_PROBLEM STATEMENT_:
Repeat exactly, and only, the lines from the line bearing "Dr. Russo - Boston Plastic Surgeon" through the end of the material. Do not copy the pictures.
─── SOURCE MATERIAL ───
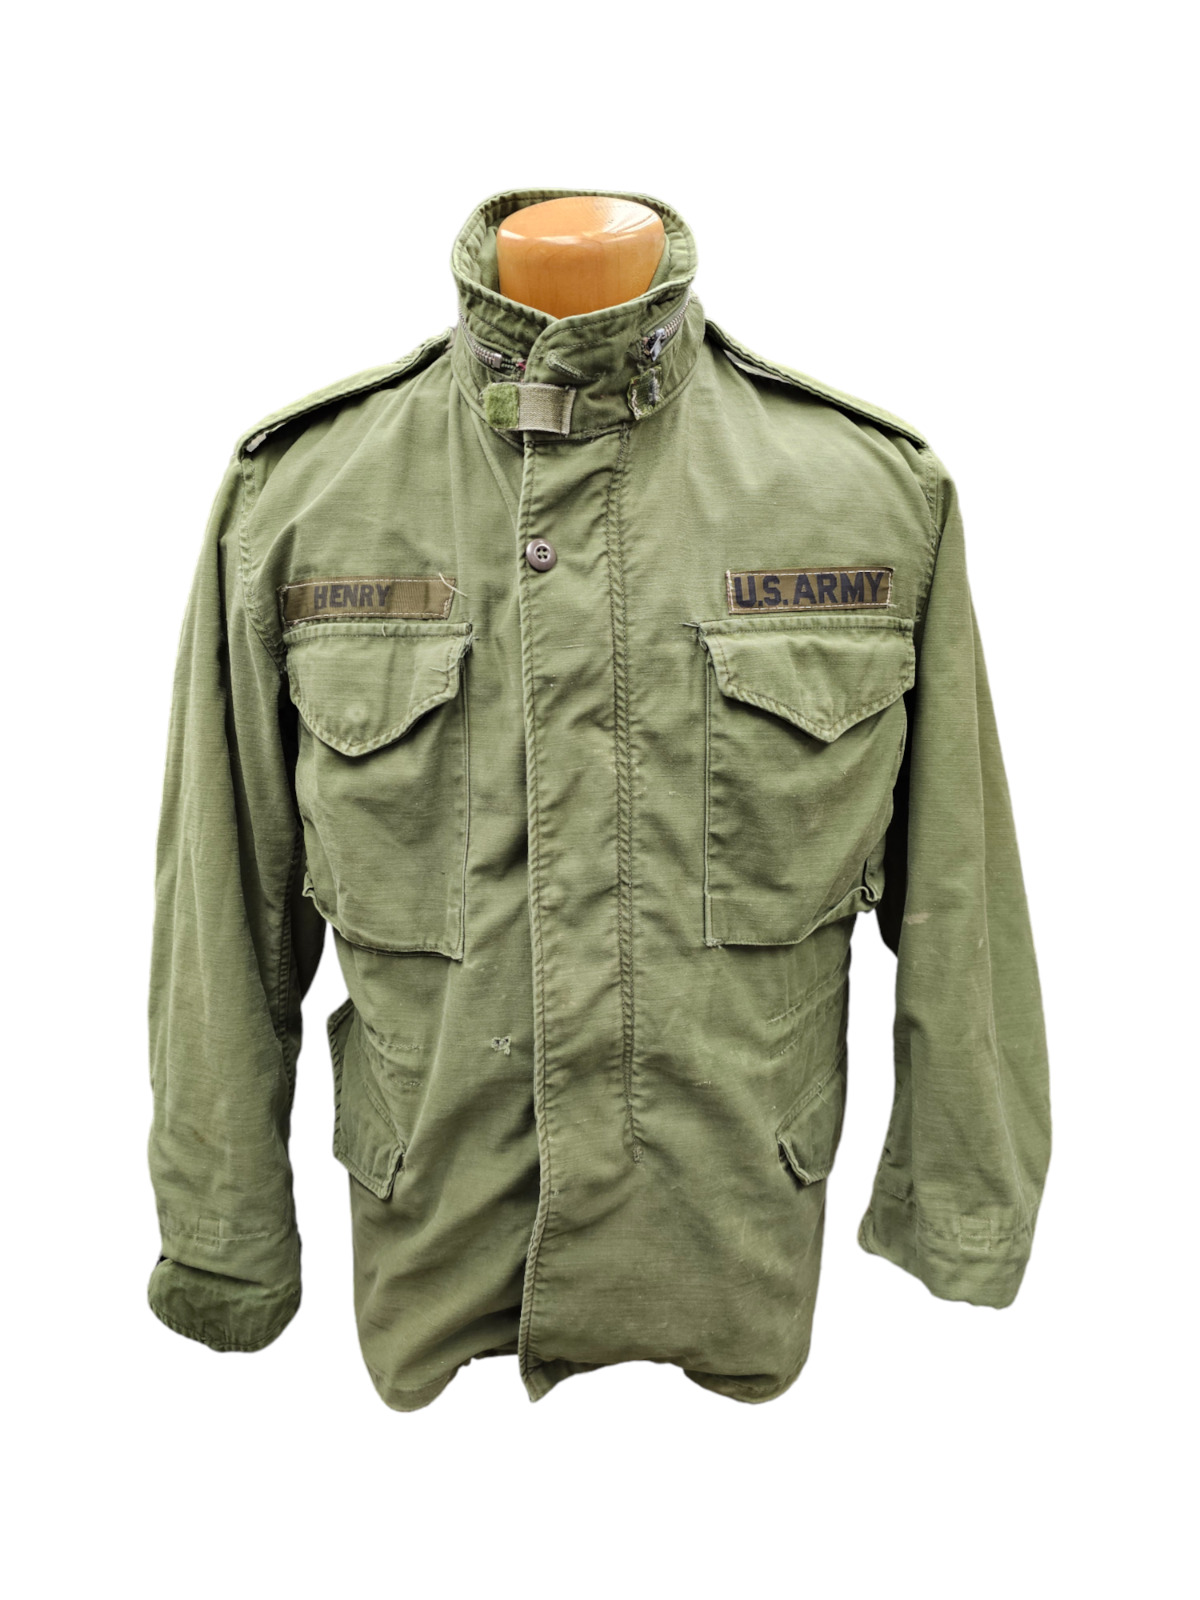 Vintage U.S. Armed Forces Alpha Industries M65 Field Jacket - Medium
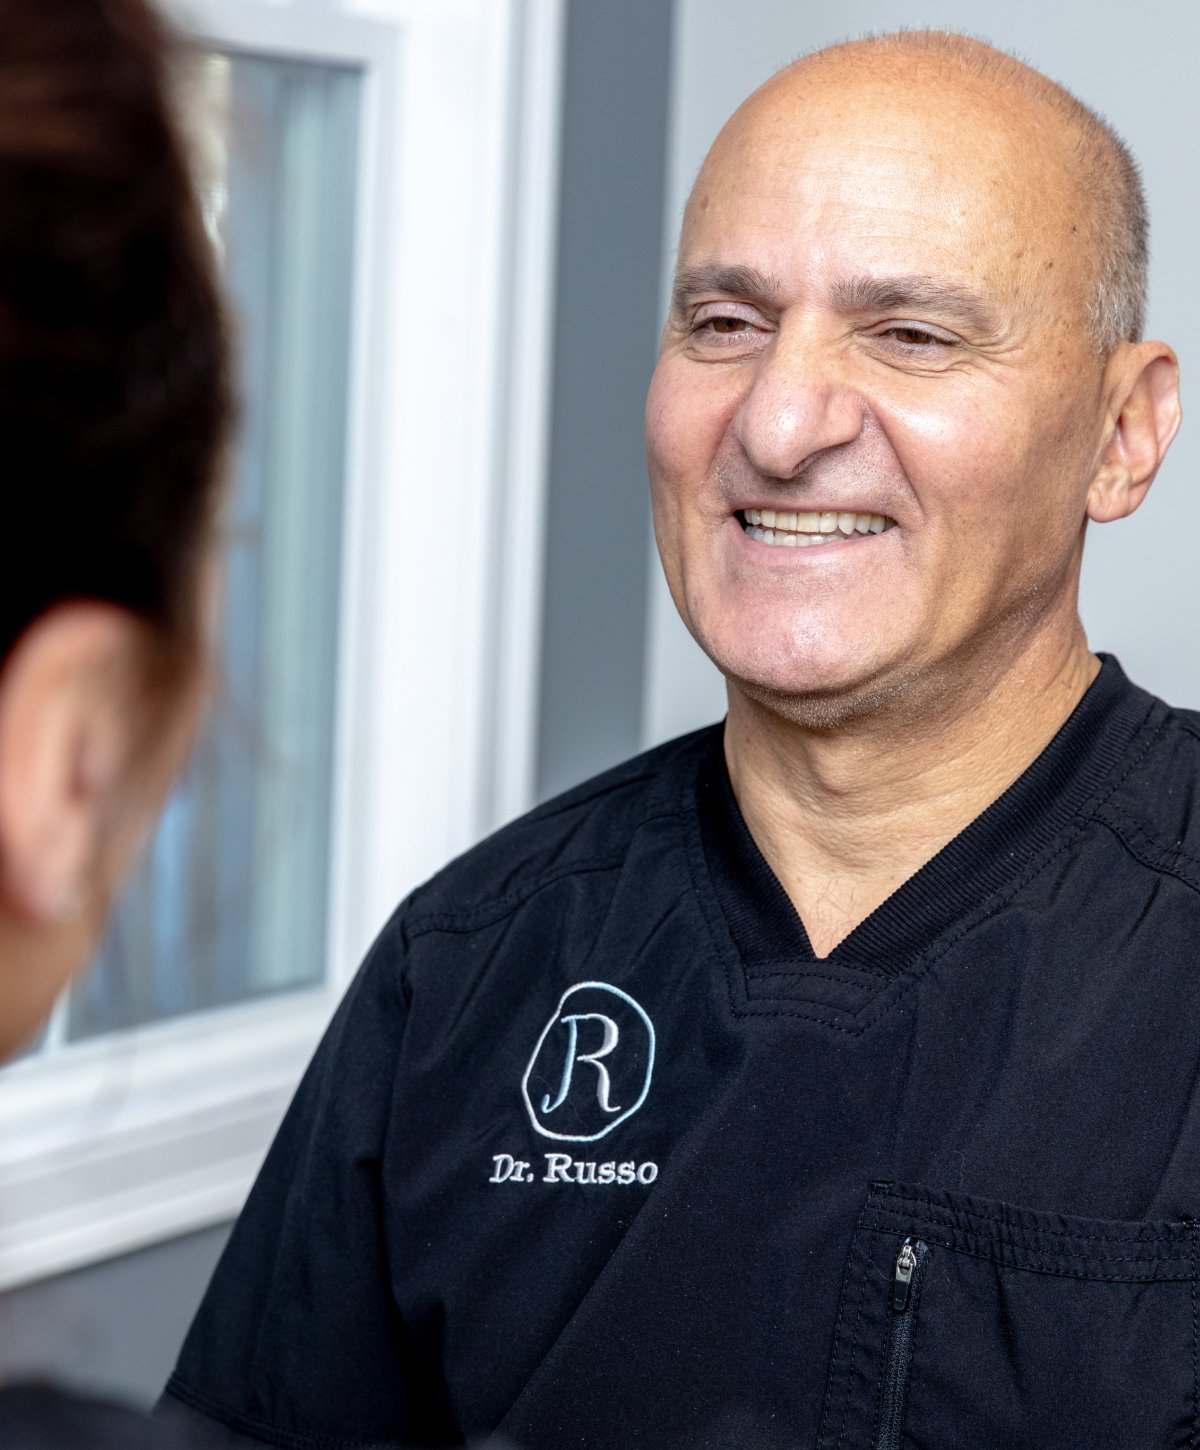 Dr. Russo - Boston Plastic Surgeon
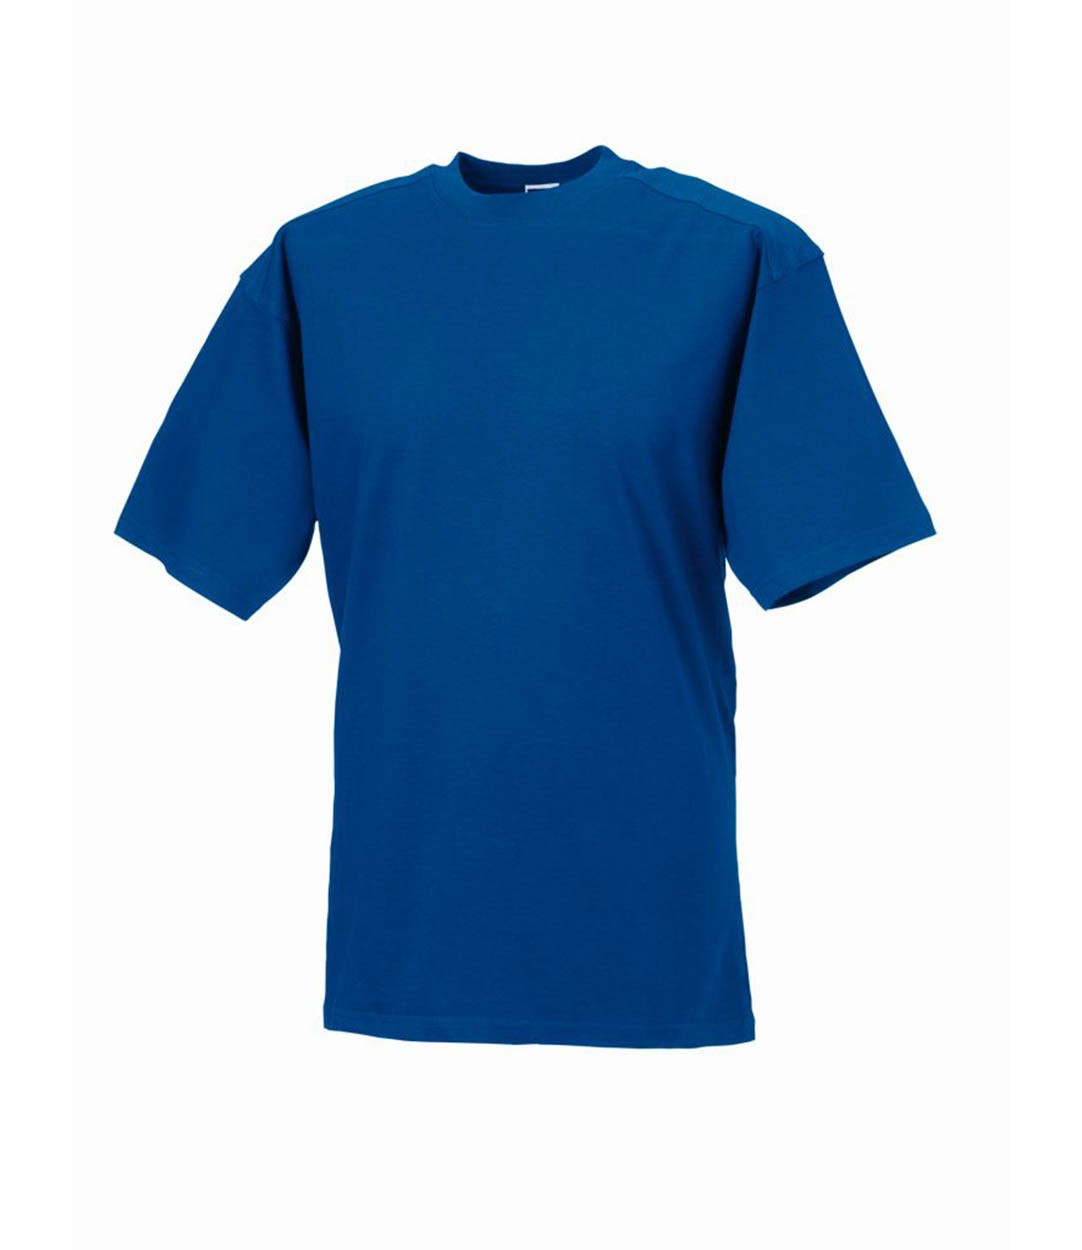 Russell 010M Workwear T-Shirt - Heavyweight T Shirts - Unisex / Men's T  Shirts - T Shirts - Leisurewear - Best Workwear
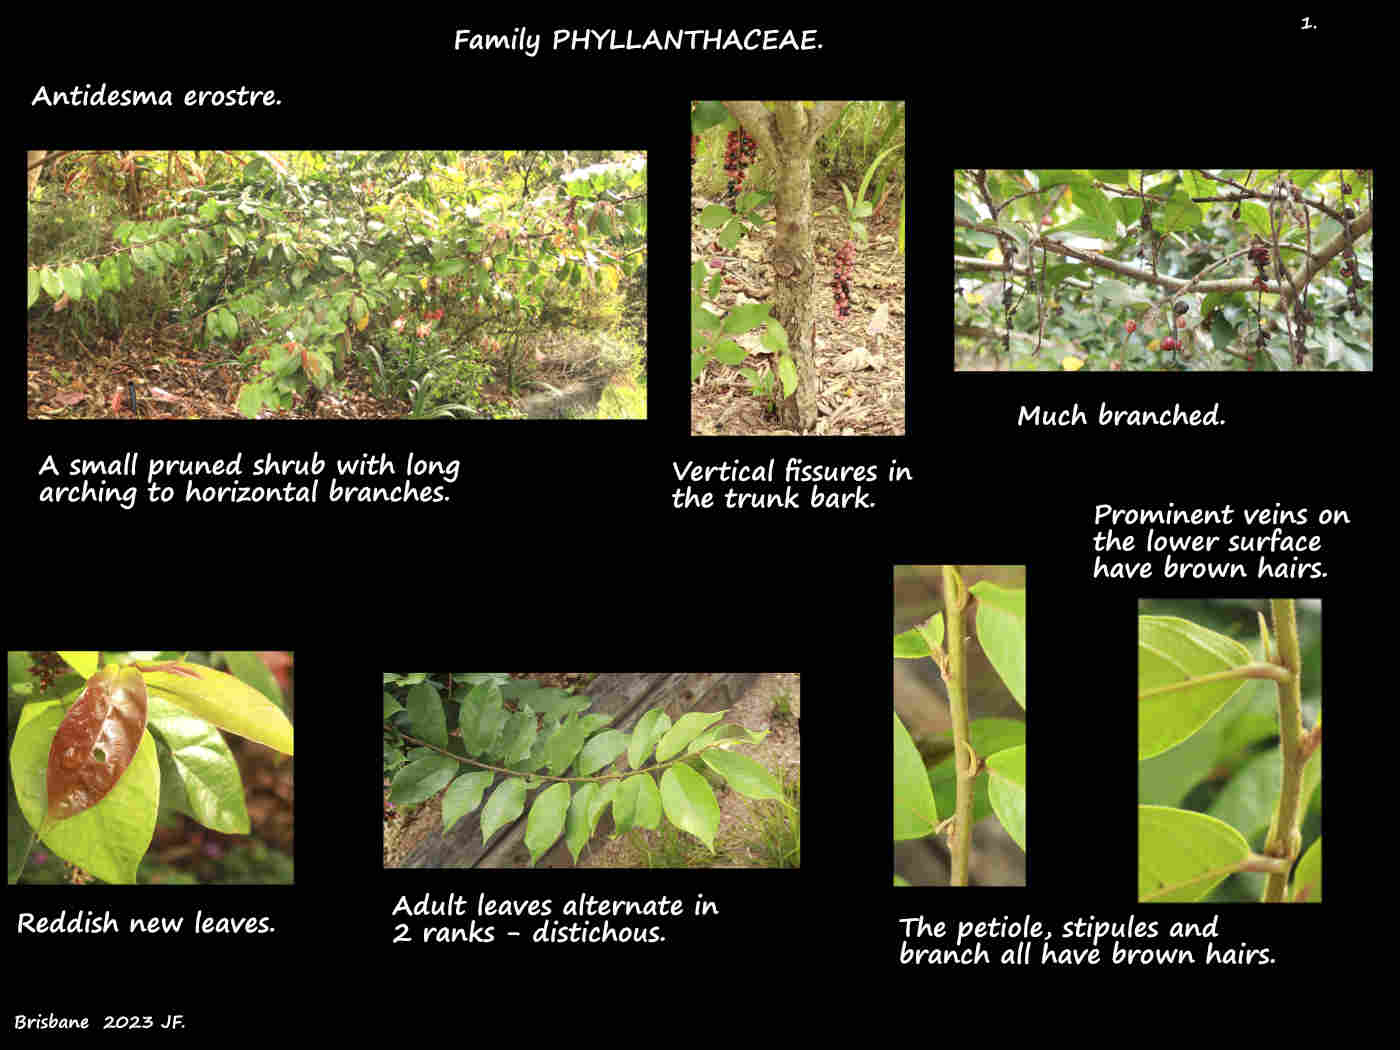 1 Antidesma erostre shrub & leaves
───
_SOLUTION TO THIS TASK_:
 Dr. Russo - Boston Plastic Surgeon
 Russell 010M Workwear T-Shirt - Heavyweight T Shirts - Unisex / Men's T  Shirts - T Shirts - Leisurewear - Best Workwear
 1 Antidesma erostre shrub & leaves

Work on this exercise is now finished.